In this case a BVI company claimed to offset a loss arising on a trade carried on through a permanent establishment (principally, a corporation tax loss) against income tax profits of a trade not carried on through a PE (and, therefore, subject to income tax, not corporation tax). The FTT has allowed the claim finding that ITA 2007, s. 64 did not restrict loss relief to income tax losses only and no purposive reading could be applied so as to block the company's claim. However, as the company had filed its return late, which, had it been filed on time would have shown a liability to tax (albeit refunded in the next period), the FTT dismissed the appeal against the late filing penalty finding that it was properly due based on the liability that ought to have been declared on the return.

DECISION
Facts

[1] The facts were not in dispute and are as follows. The appellant (English Holdings) is a company registered in the British Virgin Isles (BVI). It is not resident in the UK. At the relevant time, it had a permanent establishment (PE) in the UK through which it carried out its activity of trading in land situated in the UK. Had it made profits on this trade, the company would have been chargeable to corporation tax on those profits (see s5 and 19 CTA – paragraphs 16 & 46). In the year to 31 March 2011, however, it made a trading loss of over £2 million.

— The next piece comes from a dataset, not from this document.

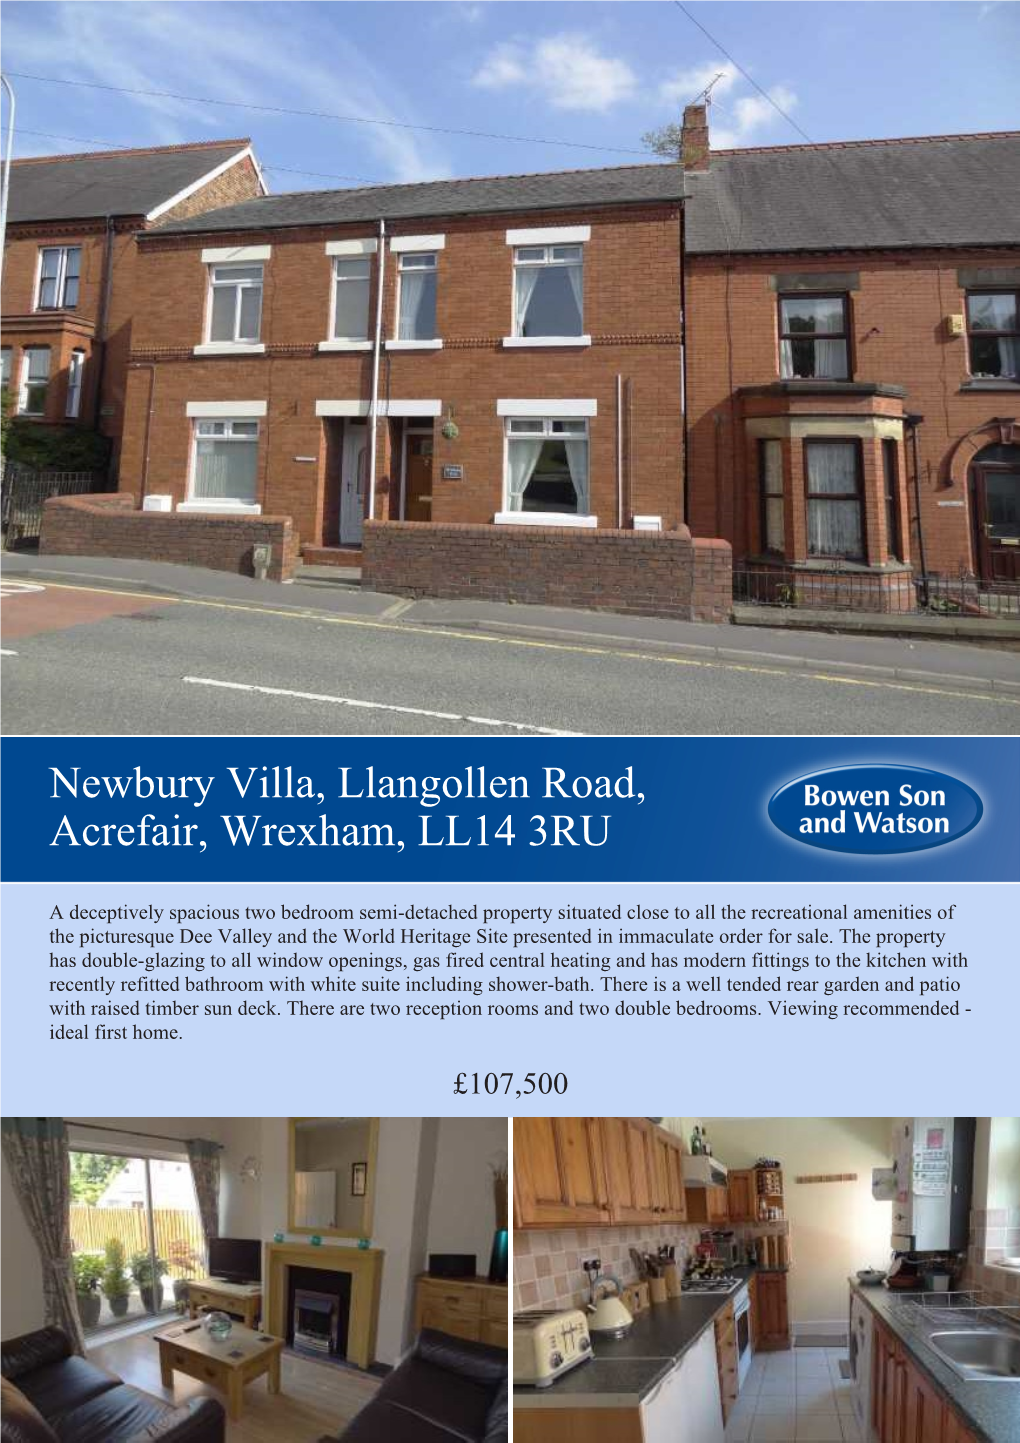 Newbury Villa, Llangollen Road, Acrefair, Wrexham, LL14 3RU
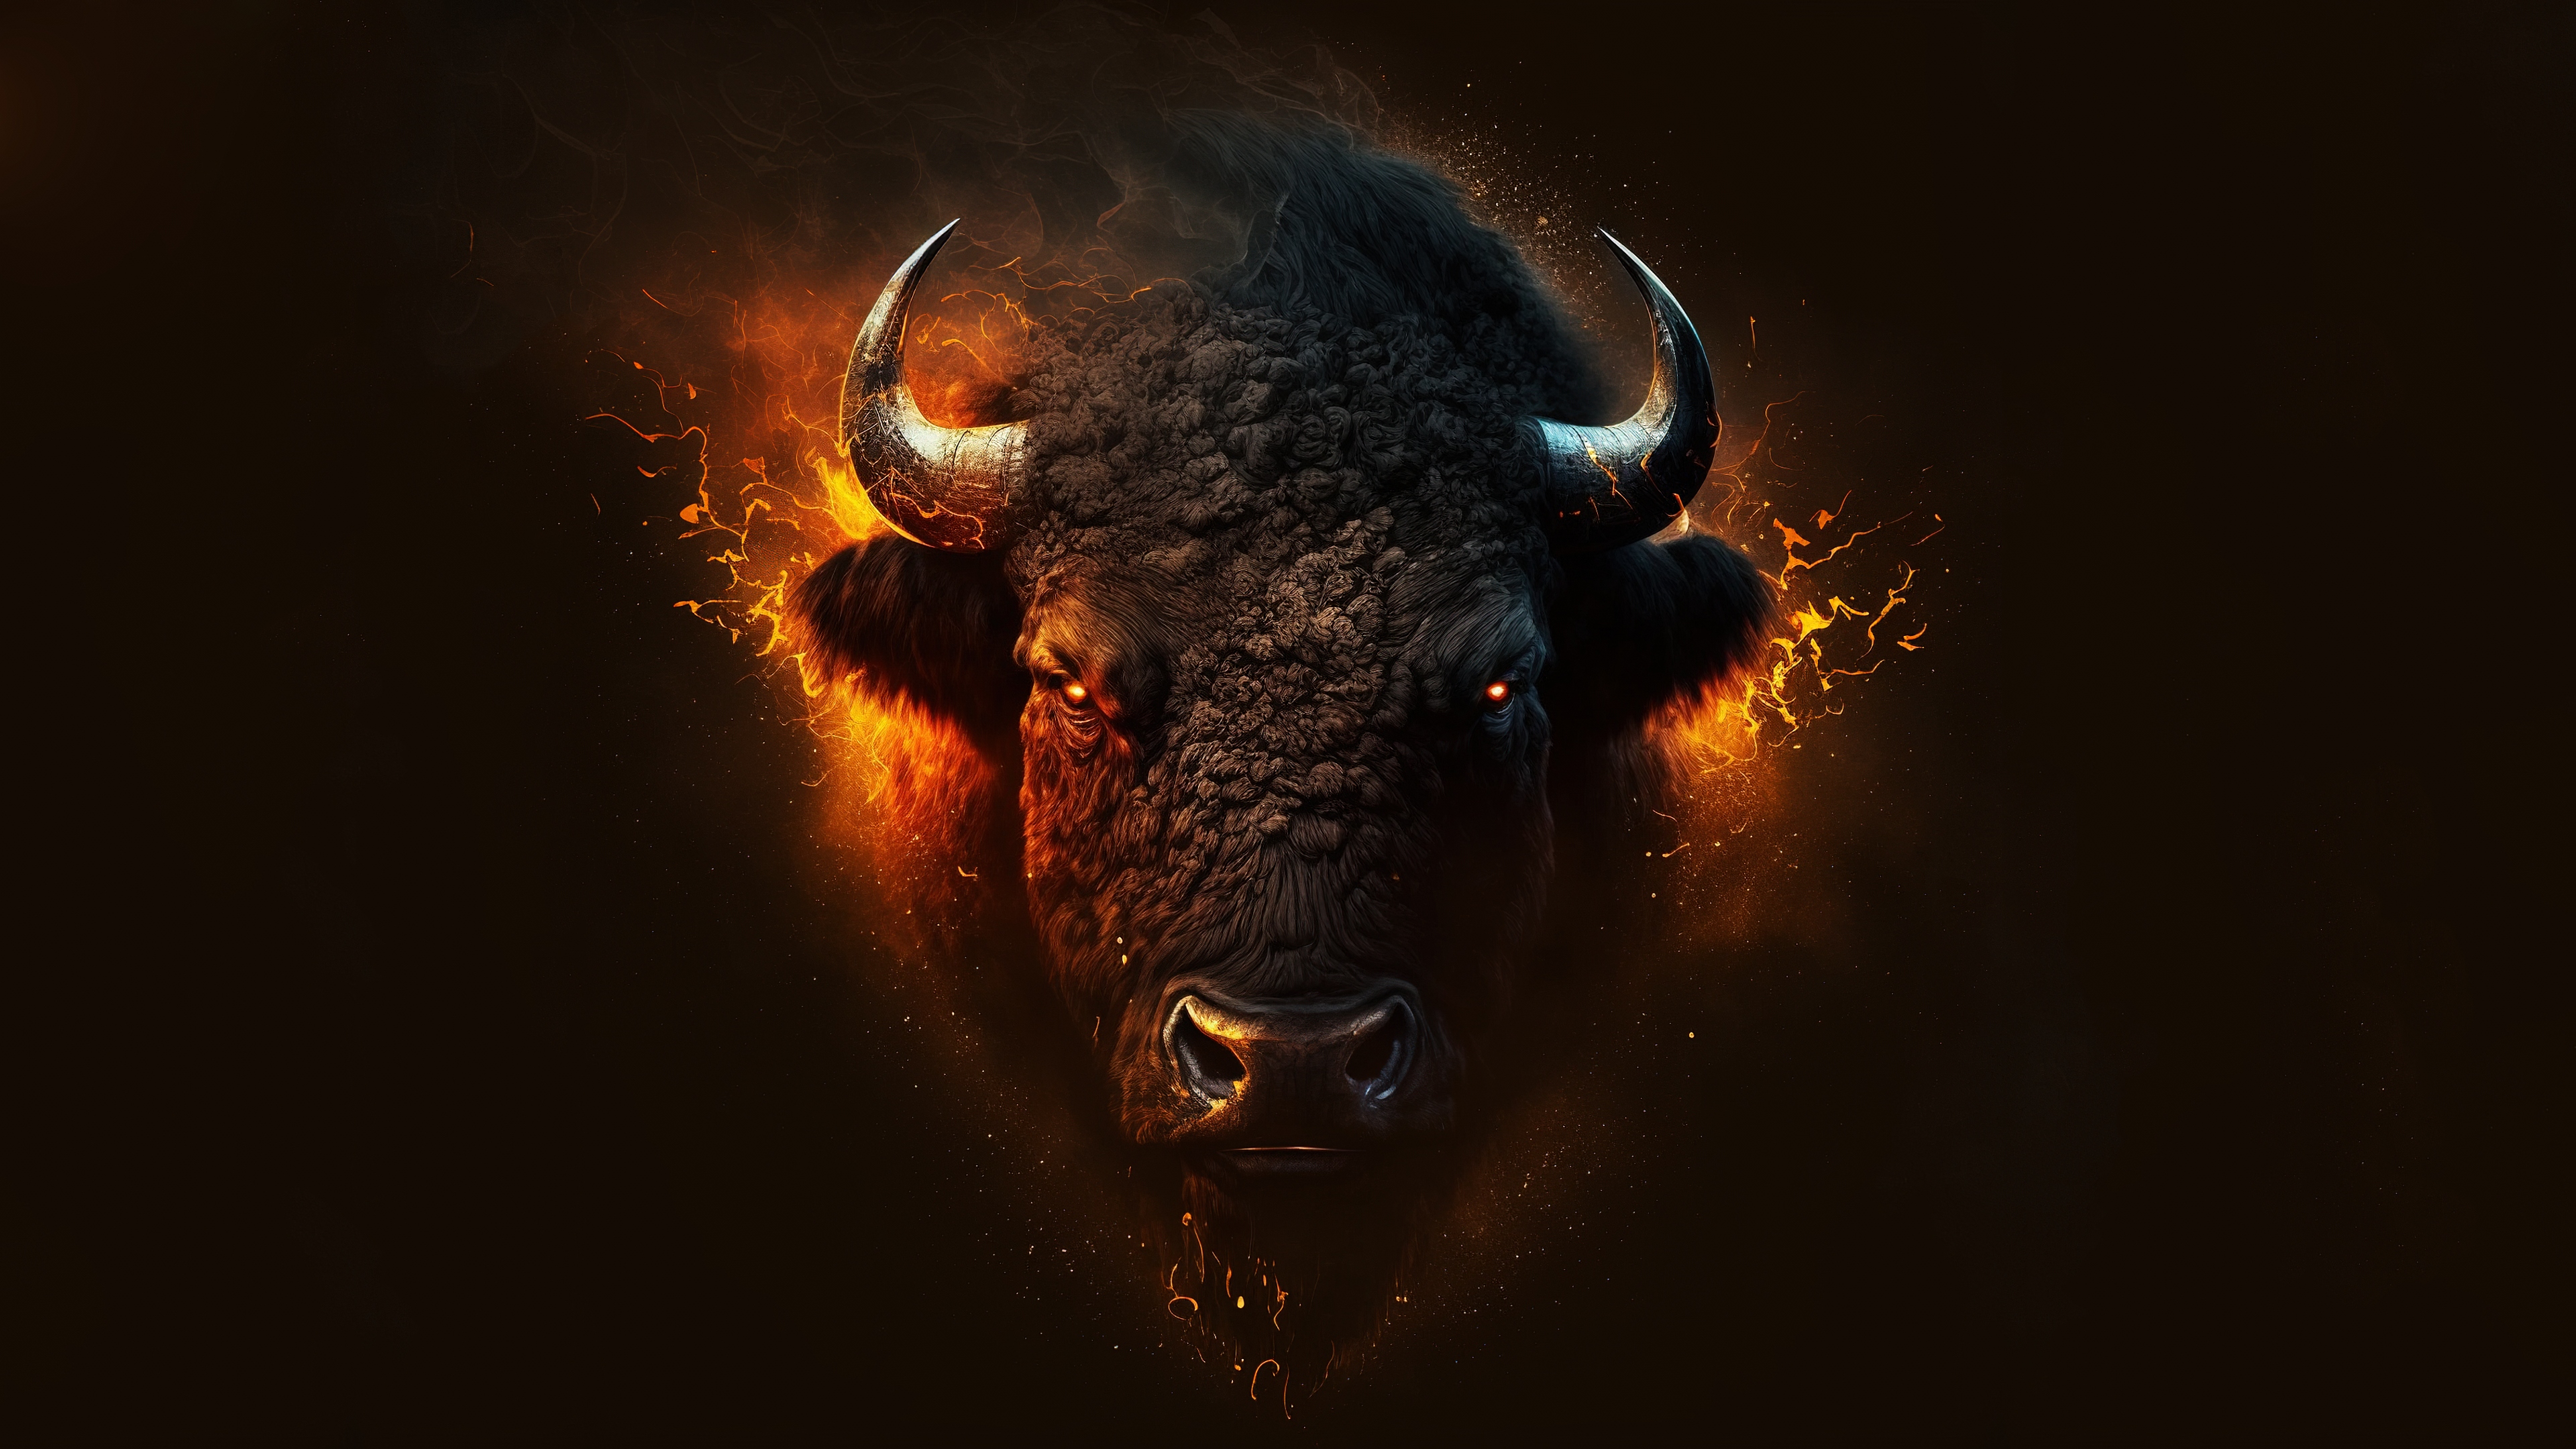 Wallpaper ID 226757  buffalo animal field and horns hd 4k wallpaper free  download

[2] In addition to this trade, the appellant owned a number of investment properties in the UK on which it earned rental income. This letting business was not carried on through a PE with the result that the appellant was within the charge to UK income tax on the profits arising from this letting business. In the tax year (ended 31/3/10) the appellant made of profit of £1,015,219.73 on its investment properties which HMRC consider resulted in an income tax liability on the company for that year of £203,043.95.

[3] The company claimed in its (late filed) tax return for 2009/10 to set off its loss arising out of the...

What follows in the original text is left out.